Cuda multithreading

CUDA Pro Tip: Always Set the Current Device to Avoid Multithreading Bugs

How to select which GPU to execute CUDA calls on? The CUDA runtime API is state-based, and threads should execute cudaSetDevice() to set the current GPU.

The CUDA runtime API is thread-safe, which means it maintains per-thread state about the current device. This is very important as it allows threads to concurrently submit work to different devices. If current device is not set for the thread, either it will use the default device (device 0) or if it is a reused thread it will reuse its last device setting.

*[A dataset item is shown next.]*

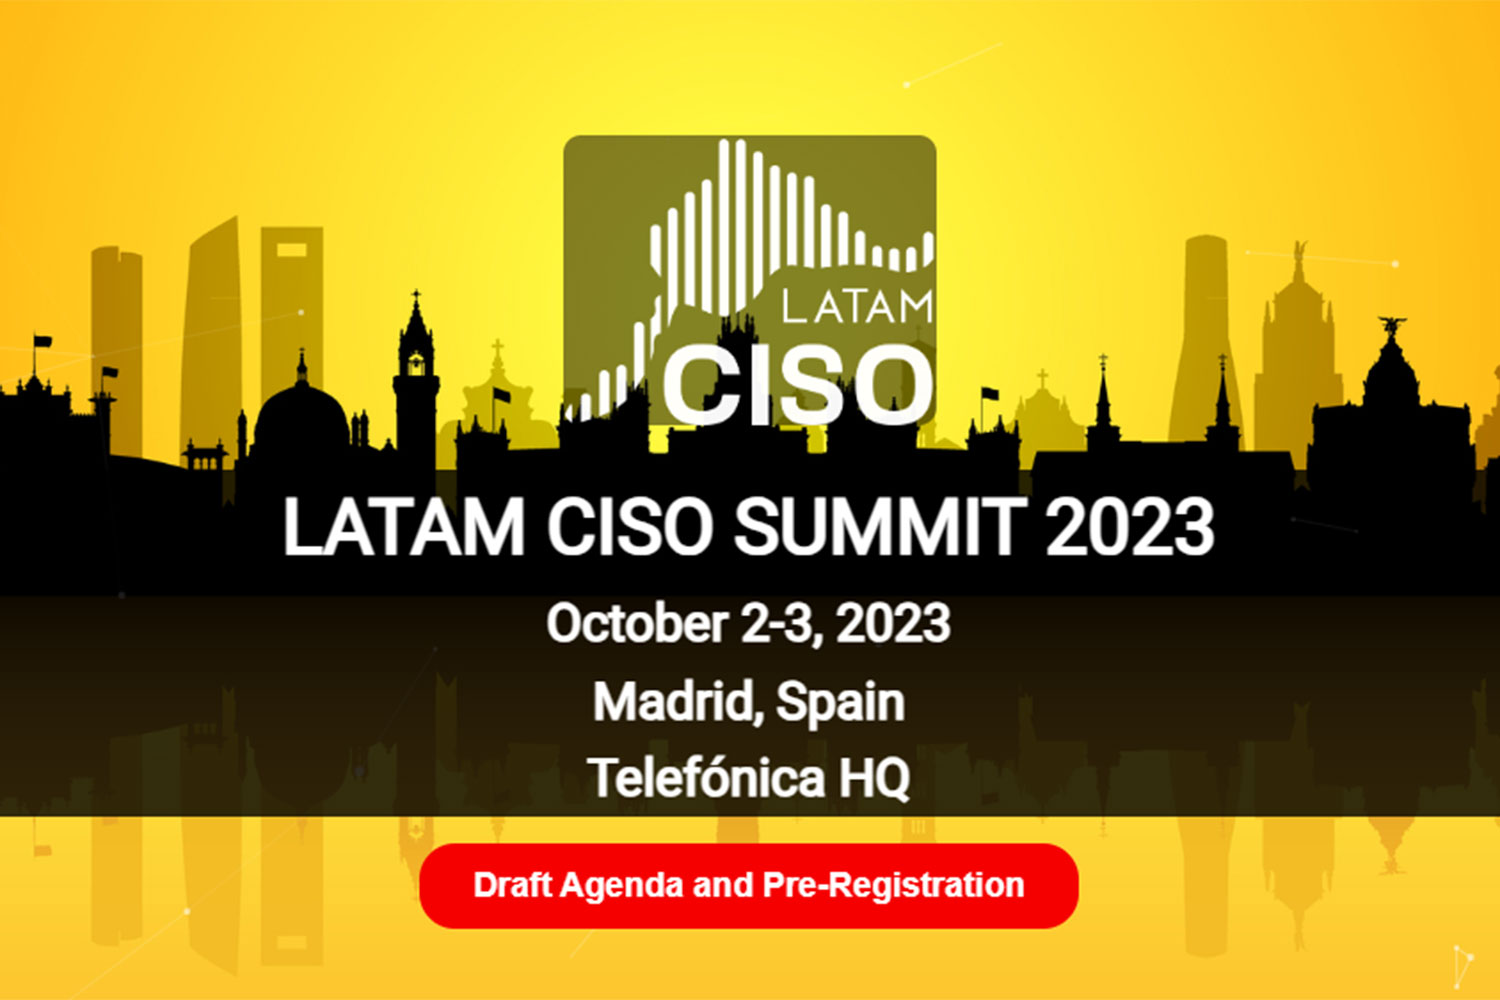 Cartel del evento LATAM CISO Summit 2023

Pro Tip: always call cudaSetDevice() first when you spawn a new host thread.

cudaSetDevice(1);
cudaMalloc(&a,bytes);

#pragma omp parallel
{
  // multiple threads calling the kernel
  cudaSetDevice(1);
  kernel<<<blocks,threads>>>(a);
}

Concurrency with streams

GPU Pro Tip: CUDA 7 Streams Simplify Concurrency

CUDA Applications manage concurrency by executing asynchronous commands in streams, sequences of commands that execute in order. [See the post How to Overlap Data Transfers in CUDA C/C++ for an example.]

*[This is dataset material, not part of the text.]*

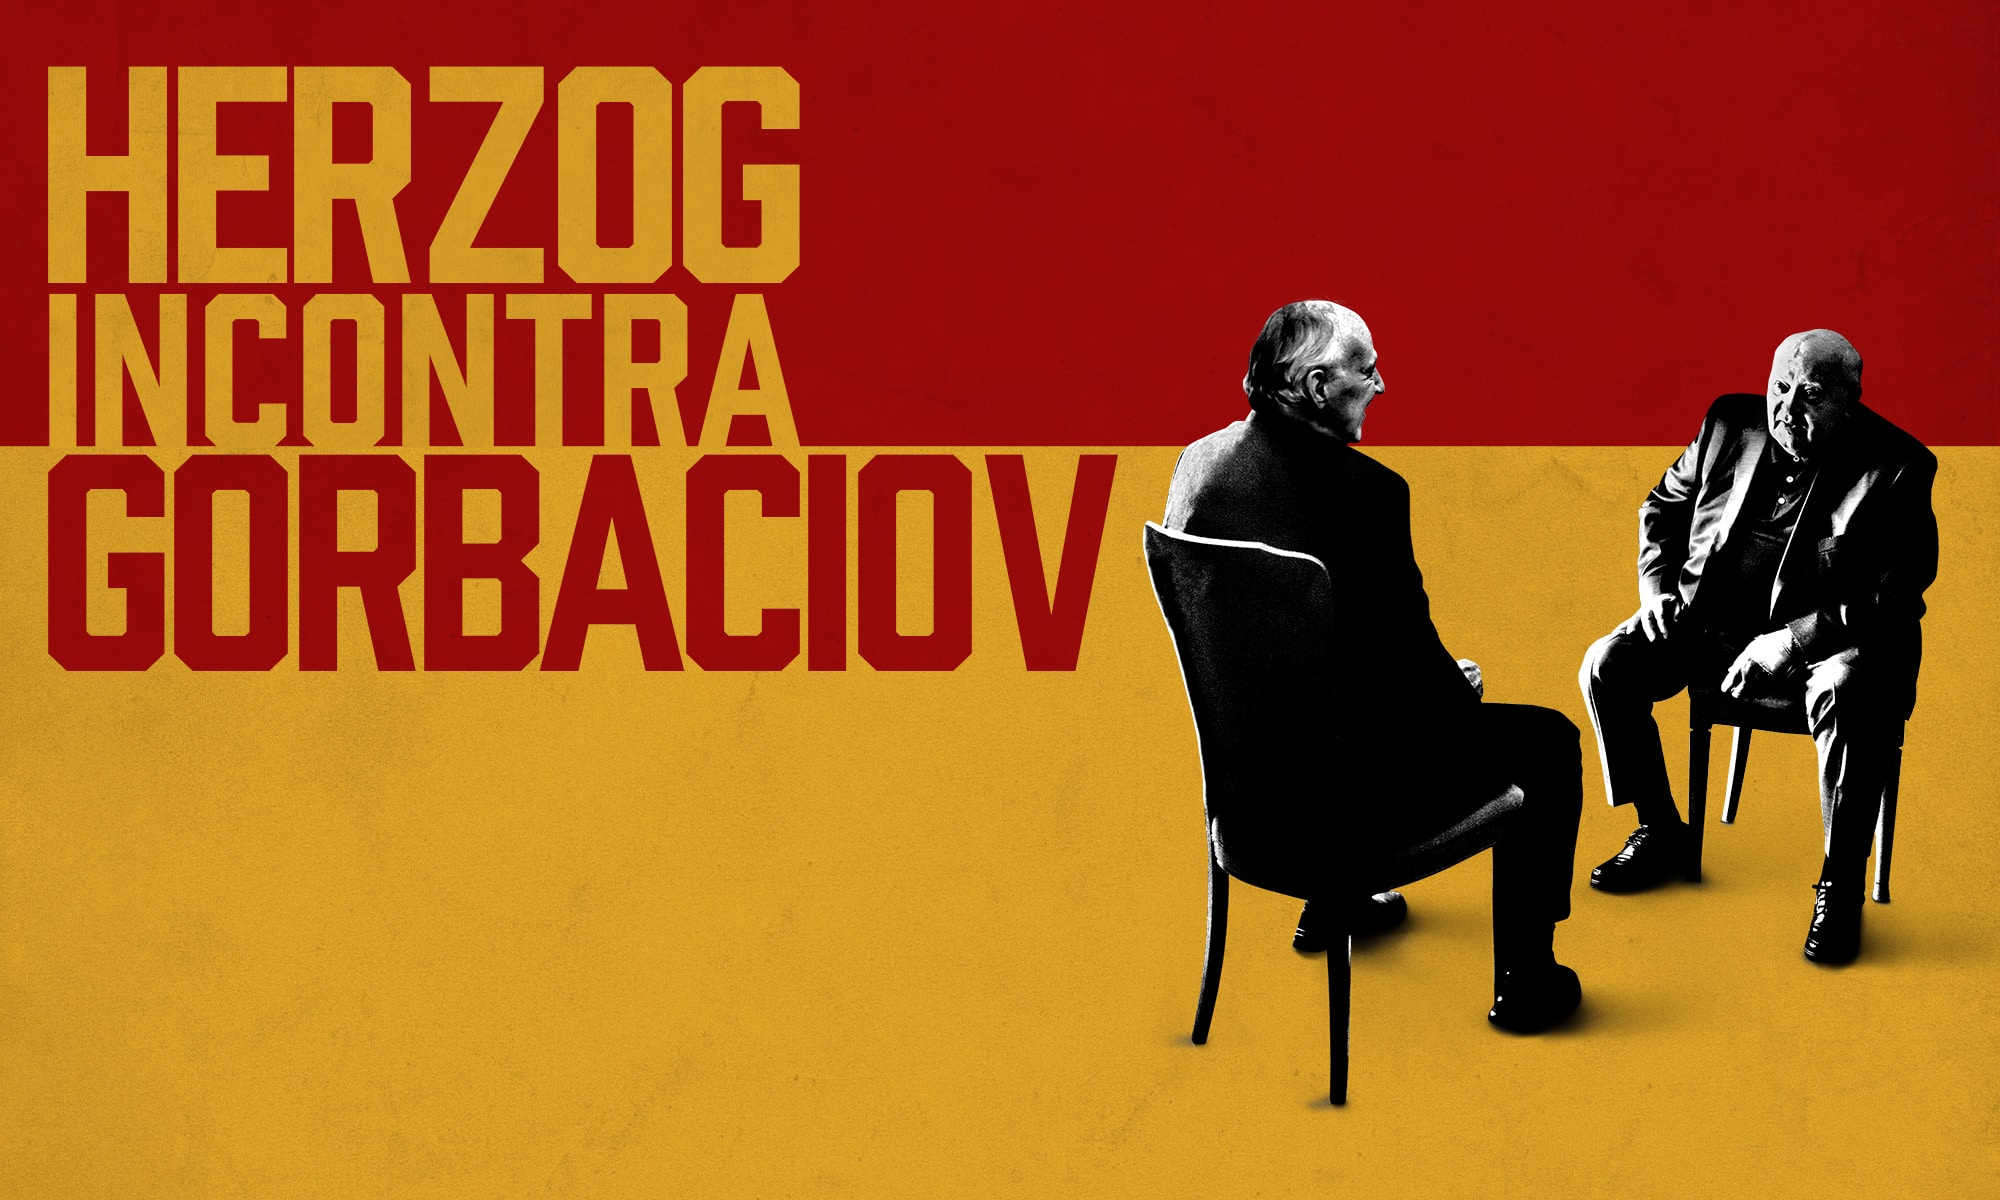 Herzog incontra Gorbaciov: recensione del film documentario

When you execute asynchronous CUDA commands without specifying a stream, the runtime uses the default stream.

  kernel<<< blocks, threads, bytes >>>();    // stream 0 (default)
  kernel<<< blocks, threads, bytes, 0 >>>(); // stream 0

Before CUDA 7, the default stream is a single per-device default stream which implicitly synchronizes with all other streams on the device.

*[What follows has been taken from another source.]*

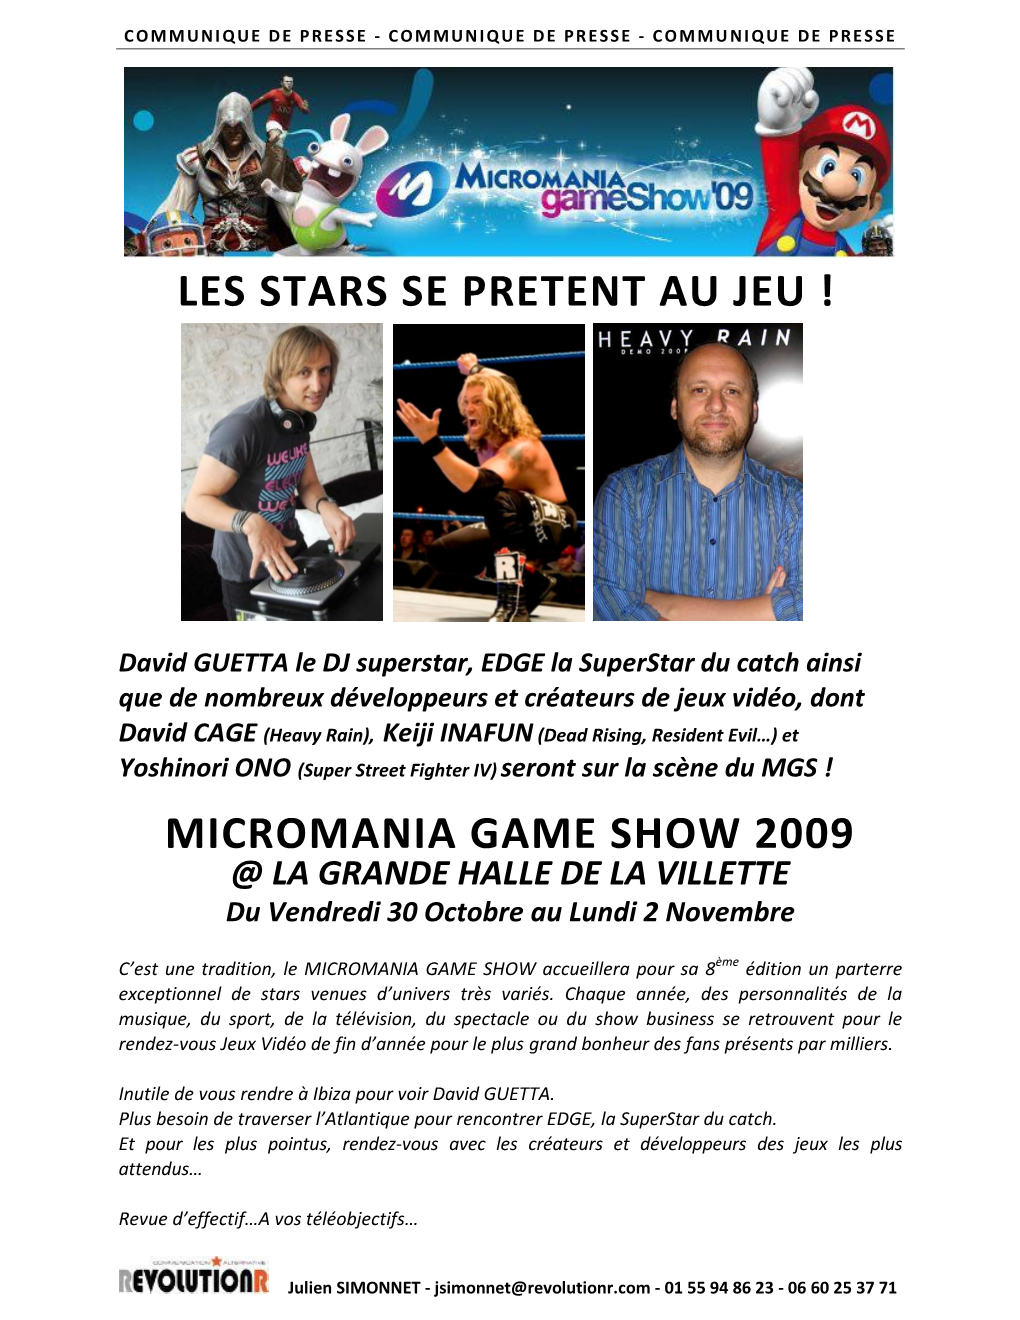 Les Stars Se Pretent Au Jeu ! Micromania Game Show 2009

CUDA 7 introduces an independent per-thread default stream for every host thread, which avoids the serialization of the legacy default stream. These default streams are regular streams. The commands issued to the default streams by different host threads can run concurrently.

To enable per-thread default streams in CUDA 7 and later, you can either compile with the nvcc command-line option --default-stream per-thread, or #define CUDA_API_PER_THREAD_DEFAULT_STREAM preprocessor macro before including CUDA headers (cuda.h or cuda_runtime.h).

Asynchronous Commands in CUDA

As described by the CUDA C Programming Guide, asynchronous commands return control to the calling host thread before the device has finished the requested task (they are non-blocking). These commands are:

  • Kernel launches;
  • Memory copies between two addresses to the same device memory;
  • Memory copies from host to device of a memory block of 64 KB or less;
  • Memory copies performed by functions with the Async suffix;
  • Memory set function calls.
A Multi-threading Example
#include <pthread.h>
#include <stdio.h>

const int N = 1 << 20;

__global__ void kernel(float *x, int n)
{
    int tid = threadIdx.x + blockIdx.x * blockDim.x;
    for (int i = tid; i < n; i += blockDim.x * gridDim.x) {
        x[i] = sqrt(pow(3.14159,i));
    }
}

void *launch_kernel(void *dummy)
{
    // Bound thread to device for each thread.
    cudaSetDevice(0);

    float *data;
    cudaMalloc(&data, N * sizeof(float));

    // Use default stream: per-device or per thread default?
    kernel<<<1, 64>>>(data, N);

    // Sync stream 0 within each thread after kernel run.
    cudaStreamSynchronize(0);

    return NULL;
}

int main()
{
    const int num_threads = 8;

    pthread_t threads[num_threads];

    for (int i = 0; i < num_threads; i++) {
        if (pthread_create(&threads[i], NULL, launch_kernel, 0)) {
            fprintf(stderr, "Error creating threadn");
            return 1;
        }
    }

    for (int i = 0; i < num_threads; i++) {
        if(pthread_join(threads[i], NULL)) {
            fprintf(stderr, "Error joining threadn");
            return 2;
        }
    }

    cudaDeviceReset();

    return 0;
}

(a) Compile with the legacy default stream will behavior:

nvcc ./pthread_test.cu -o pthreads_legacy

When we run this in nvvp, we see a single stream, the default stream, with all kernel launches serialized.

(b) Compile it with the new per-thread default stream option:

nvcc --default-stream per-thread ./pthread_test.cu -o pthreads_per_thread

Each thread creates a new stream automatically and they do not synchronize, so the kernels from all eight threads run concurrently.